The U.S. Supreme Court, in 1974, heard Florida candidate Pat Tornillo cite local right to reply statutes when he sued Miami Herald. The statute fractured the Constitution’s ban on prior restraint, the Herald replied.
“Decisions on content, format and treatment of public issues and public officials —whether fair or unfair—constitute exercise of editorial control and judgment,” the Court ruled. “Government may not force a newspaper to print copy which, in its journalistic discretion, it chooses to leave on the newsroom’s floor,” Justice Byron White wrote.

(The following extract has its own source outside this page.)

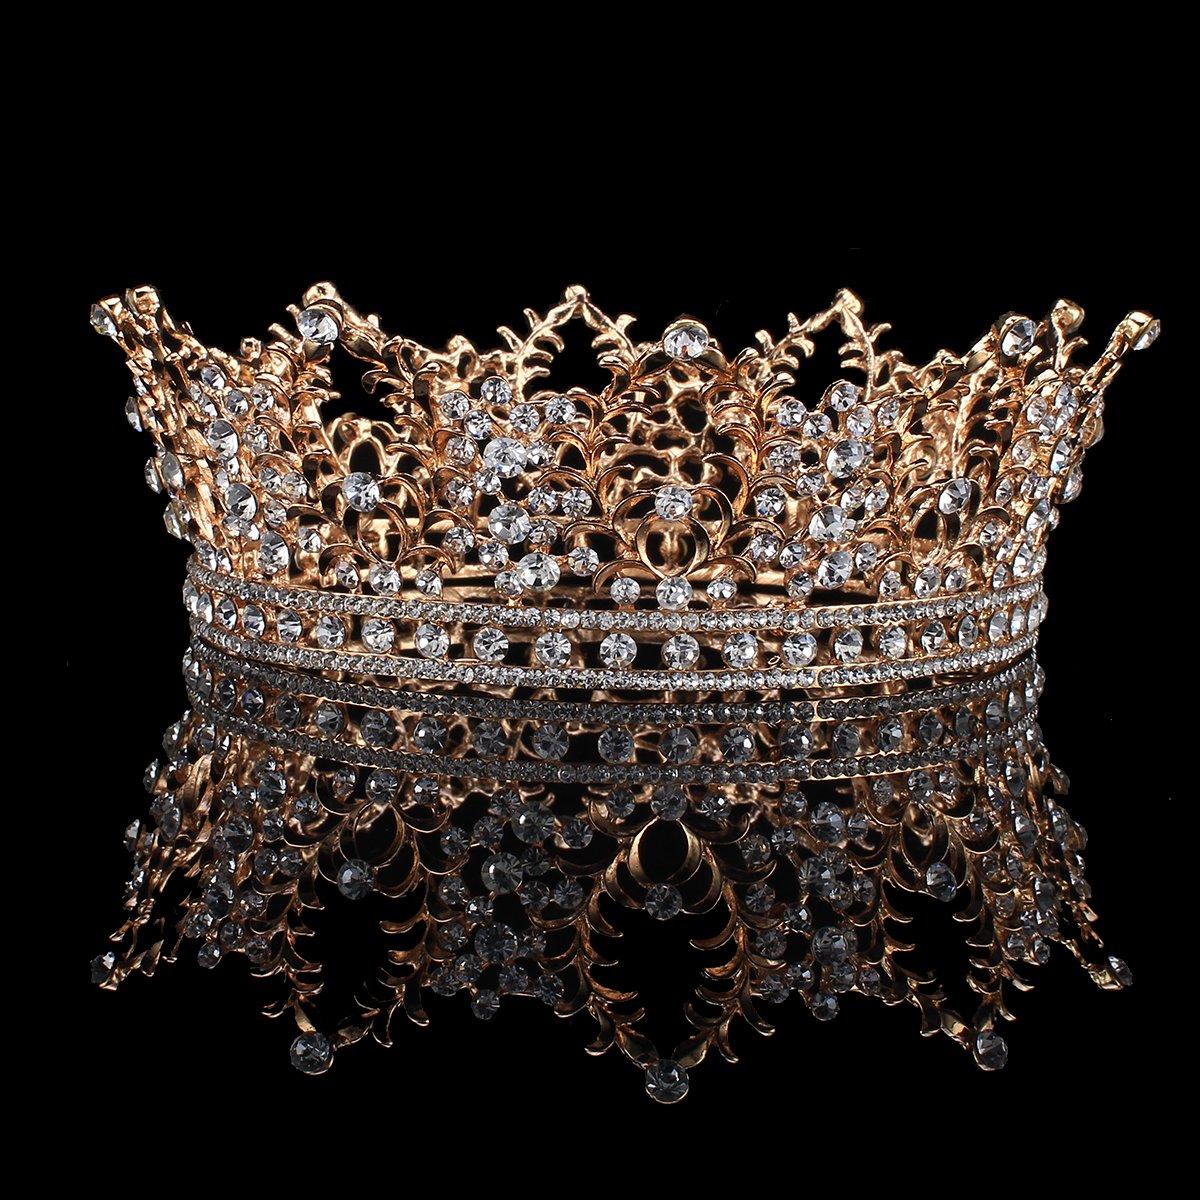 FUMUD Bridal Jewelry Baroque Tiara Crown Women Vintage Headband Rhinestone Crystal Crown (Roes gold)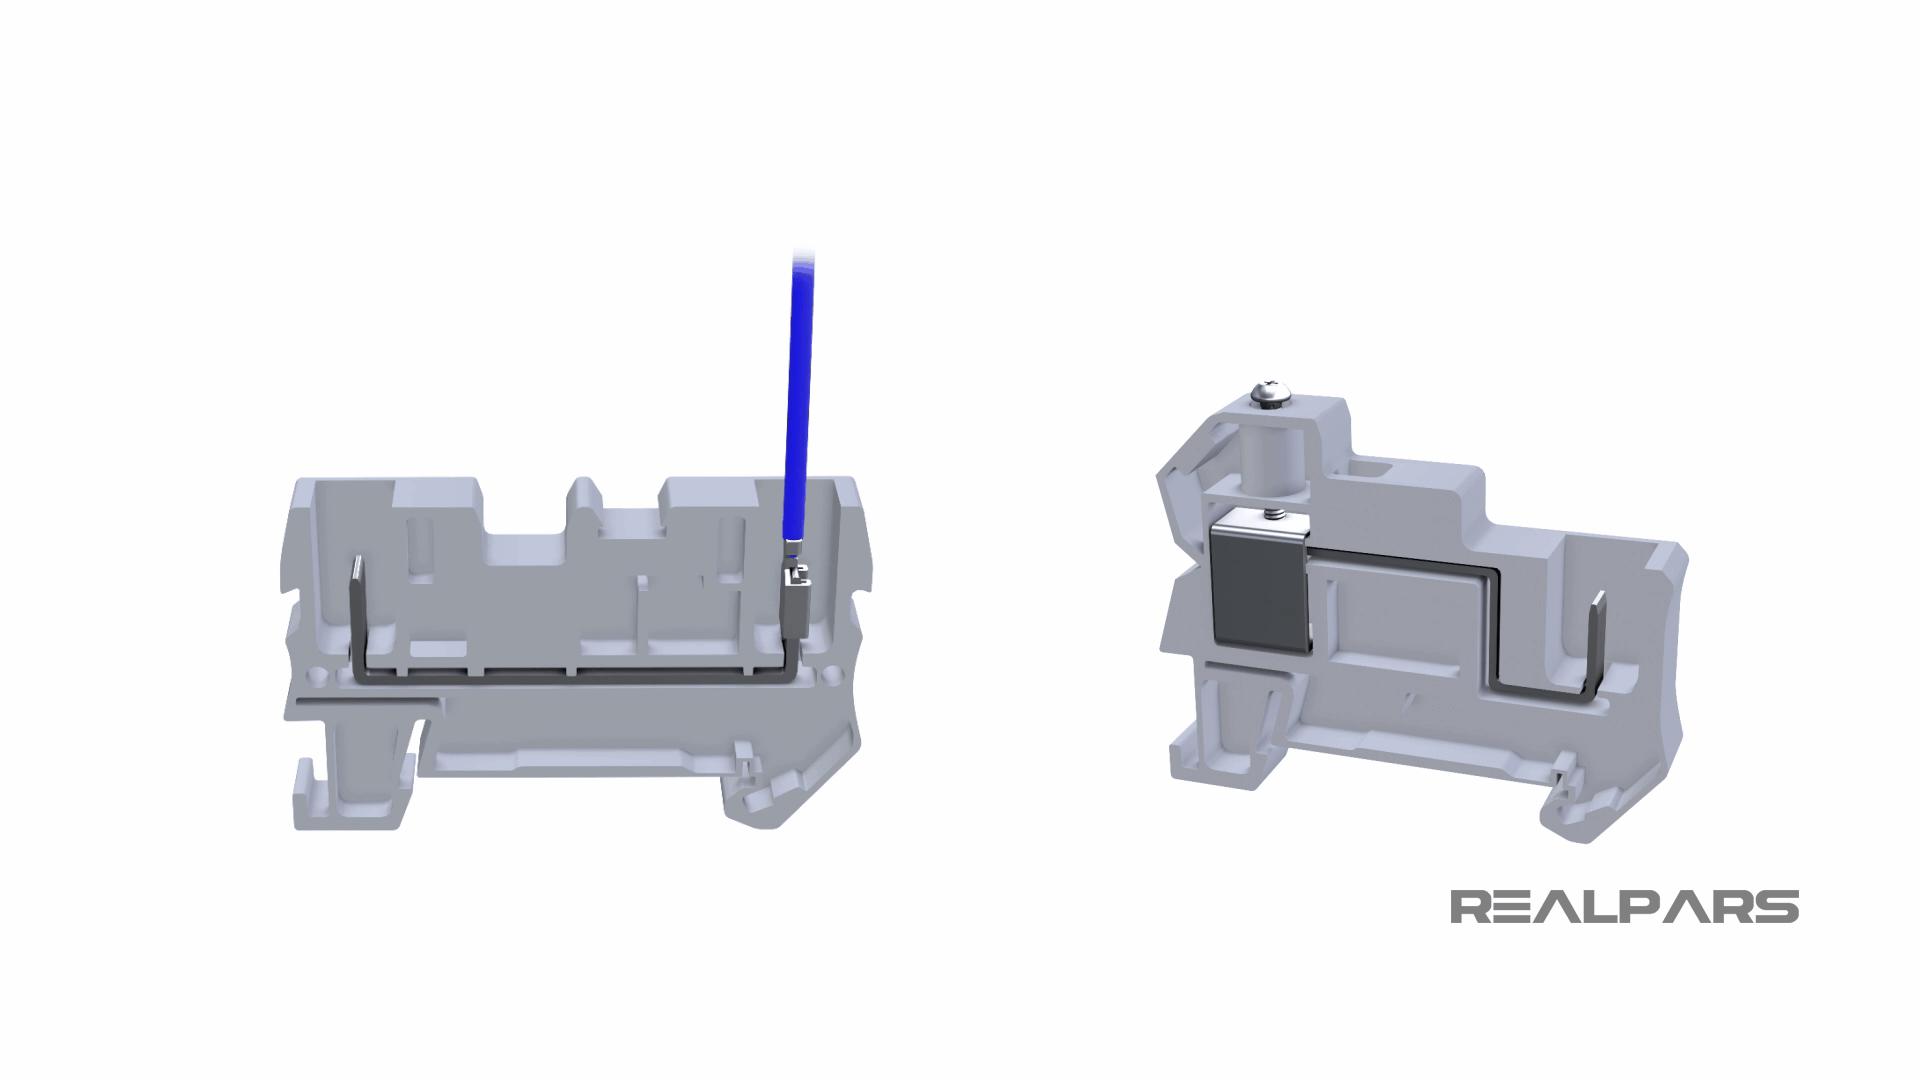 Tab Connector terminal blocks

The Puno Supreme Court hewed closely to this constitutional tradition. It spiked Justice Department and National Telecommunications Commission warnings against airing the “Hello Garci” tapes of Gloria Macapagal-Arroyo. This threat to gag constituted prior restraint. “It challenged the most exalted of all civil rights, the freedom of expression,” Puno wrote as ponente.
The least Rep. Antonino can do is to excise this smuggled rider from HB 4252. Let this exhumed bill stand or fall on it’s own merits.
At the Inquirer’s 25th anniversary rites, P-Noy recalled that his parents battled for a free press. “A free media is indispensable, if a democracy is to function efficiently, if it is to be real,” he quoted Ninoy. “The people, who are sovereign, must be adequately informed all the time.”
Fine. But for P-Noy to spurn his parents’ sterling legacy by waffling—What is the polite word again? “Bovine ordure”?